* TASK INPUTS *
# # # # #
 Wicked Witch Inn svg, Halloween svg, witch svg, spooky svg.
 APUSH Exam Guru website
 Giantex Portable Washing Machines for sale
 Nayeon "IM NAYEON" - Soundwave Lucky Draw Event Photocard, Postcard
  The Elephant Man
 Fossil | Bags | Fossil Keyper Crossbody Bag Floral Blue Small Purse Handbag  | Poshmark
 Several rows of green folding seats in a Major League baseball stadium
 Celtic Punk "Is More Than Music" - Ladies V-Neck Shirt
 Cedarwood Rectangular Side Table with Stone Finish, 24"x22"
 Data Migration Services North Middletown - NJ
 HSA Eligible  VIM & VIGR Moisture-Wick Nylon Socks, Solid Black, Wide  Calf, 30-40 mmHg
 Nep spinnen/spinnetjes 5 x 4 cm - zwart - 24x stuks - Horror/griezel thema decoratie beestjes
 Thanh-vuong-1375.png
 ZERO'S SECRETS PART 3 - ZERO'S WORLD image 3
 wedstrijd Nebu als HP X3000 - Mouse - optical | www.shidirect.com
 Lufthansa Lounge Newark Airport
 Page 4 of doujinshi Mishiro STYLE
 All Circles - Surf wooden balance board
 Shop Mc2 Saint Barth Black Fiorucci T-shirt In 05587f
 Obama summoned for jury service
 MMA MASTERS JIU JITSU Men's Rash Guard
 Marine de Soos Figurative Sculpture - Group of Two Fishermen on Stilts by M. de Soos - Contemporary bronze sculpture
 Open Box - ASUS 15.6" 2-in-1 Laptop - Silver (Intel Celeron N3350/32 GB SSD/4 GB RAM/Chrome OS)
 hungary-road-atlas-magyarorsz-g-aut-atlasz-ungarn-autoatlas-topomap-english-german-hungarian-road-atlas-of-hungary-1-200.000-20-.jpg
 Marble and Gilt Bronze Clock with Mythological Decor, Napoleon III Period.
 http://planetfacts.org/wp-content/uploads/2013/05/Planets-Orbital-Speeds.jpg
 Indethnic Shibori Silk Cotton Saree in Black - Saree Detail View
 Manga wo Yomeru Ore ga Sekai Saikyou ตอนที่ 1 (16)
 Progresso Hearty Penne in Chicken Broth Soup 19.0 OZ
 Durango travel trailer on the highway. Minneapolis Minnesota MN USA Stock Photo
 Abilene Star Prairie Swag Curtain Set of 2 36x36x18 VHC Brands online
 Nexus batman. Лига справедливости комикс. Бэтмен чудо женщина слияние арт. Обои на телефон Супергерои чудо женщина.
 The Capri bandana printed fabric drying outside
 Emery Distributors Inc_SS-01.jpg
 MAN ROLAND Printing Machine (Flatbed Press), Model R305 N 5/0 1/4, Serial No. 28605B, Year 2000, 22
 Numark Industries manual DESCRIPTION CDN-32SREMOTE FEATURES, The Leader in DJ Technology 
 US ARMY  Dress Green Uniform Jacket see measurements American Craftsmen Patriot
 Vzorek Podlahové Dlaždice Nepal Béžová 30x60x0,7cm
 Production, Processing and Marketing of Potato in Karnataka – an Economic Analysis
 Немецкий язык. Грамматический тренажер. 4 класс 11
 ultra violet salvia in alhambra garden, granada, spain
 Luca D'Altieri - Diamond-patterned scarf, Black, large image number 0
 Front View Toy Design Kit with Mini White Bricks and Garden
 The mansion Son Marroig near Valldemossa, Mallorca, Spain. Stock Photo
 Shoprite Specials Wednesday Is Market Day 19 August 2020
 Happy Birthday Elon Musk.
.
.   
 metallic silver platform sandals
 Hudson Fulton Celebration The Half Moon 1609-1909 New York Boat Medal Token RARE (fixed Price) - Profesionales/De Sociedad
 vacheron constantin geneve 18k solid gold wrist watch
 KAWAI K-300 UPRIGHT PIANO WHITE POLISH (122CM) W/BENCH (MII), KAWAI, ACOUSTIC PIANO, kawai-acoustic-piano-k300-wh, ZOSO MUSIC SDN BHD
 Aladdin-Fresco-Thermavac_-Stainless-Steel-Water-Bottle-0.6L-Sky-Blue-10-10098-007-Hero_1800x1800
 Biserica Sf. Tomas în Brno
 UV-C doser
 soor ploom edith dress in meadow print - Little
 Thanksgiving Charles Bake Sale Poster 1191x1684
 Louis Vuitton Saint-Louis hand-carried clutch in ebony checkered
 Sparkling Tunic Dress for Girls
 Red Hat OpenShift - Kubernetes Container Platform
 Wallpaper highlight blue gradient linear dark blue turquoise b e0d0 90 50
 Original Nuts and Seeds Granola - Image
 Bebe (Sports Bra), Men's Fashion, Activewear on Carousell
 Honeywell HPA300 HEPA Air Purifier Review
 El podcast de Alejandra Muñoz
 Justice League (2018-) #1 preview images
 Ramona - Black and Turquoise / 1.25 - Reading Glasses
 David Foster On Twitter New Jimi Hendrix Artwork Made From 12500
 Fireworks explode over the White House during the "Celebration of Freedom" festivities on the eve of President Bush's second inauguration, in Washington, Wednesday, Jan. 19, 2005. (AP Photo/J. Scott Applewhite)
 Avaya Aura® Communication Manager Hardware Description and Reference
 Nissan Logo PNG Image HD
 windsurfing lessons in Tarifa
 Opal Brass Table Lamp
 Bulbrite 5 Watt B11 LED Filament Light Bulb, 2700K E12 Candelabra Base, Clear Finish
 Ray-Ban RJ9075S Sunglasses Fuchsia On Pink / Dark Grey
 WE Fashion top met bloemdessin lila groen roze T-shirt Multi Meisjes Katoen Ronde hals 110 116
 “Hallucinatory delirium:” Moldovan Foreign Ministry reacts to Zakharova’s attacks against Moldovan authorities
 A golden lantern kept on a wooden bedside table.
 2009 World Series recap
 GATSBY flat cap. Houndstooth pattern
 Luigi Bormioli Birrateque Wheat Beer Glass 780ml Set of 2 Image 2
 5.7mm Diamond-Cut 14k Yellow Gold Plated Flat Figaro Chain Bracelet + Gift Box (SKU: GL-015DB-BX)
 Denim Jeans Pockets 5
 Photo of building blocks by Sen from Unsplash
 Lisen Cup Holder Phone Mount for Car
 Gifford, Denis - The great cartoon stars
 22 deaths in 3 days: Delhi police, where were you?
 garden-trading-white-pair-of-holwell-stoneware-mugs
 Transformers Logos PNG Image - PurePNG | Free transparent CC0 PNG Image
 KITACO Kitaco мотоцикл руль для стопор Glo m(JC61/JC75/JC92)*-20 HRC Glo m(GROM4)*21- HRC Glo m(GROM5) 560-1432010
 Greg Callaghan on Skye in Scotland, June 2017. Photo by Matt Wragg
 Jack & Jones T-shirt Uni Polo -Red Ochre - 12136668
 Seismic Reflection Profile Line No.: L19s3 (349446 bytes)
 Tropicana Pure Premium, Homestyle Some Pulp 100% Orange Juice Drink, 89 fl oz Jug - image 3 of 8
# # # # #
The answer must be every line of the entries that includes the word "Wednesday".

* RESULT OF THIS EXERCISE *
 Shoprite Specials Wednesday Is Market Day 19 August 2020
 Fireworks explode over the White House during the "Celebration of Freedom" festivities on the eve of President Bush's second inauguration, in Washington, Wednesday, Jan. 19, 2005. (AP Photo/J. Scott Applewhite)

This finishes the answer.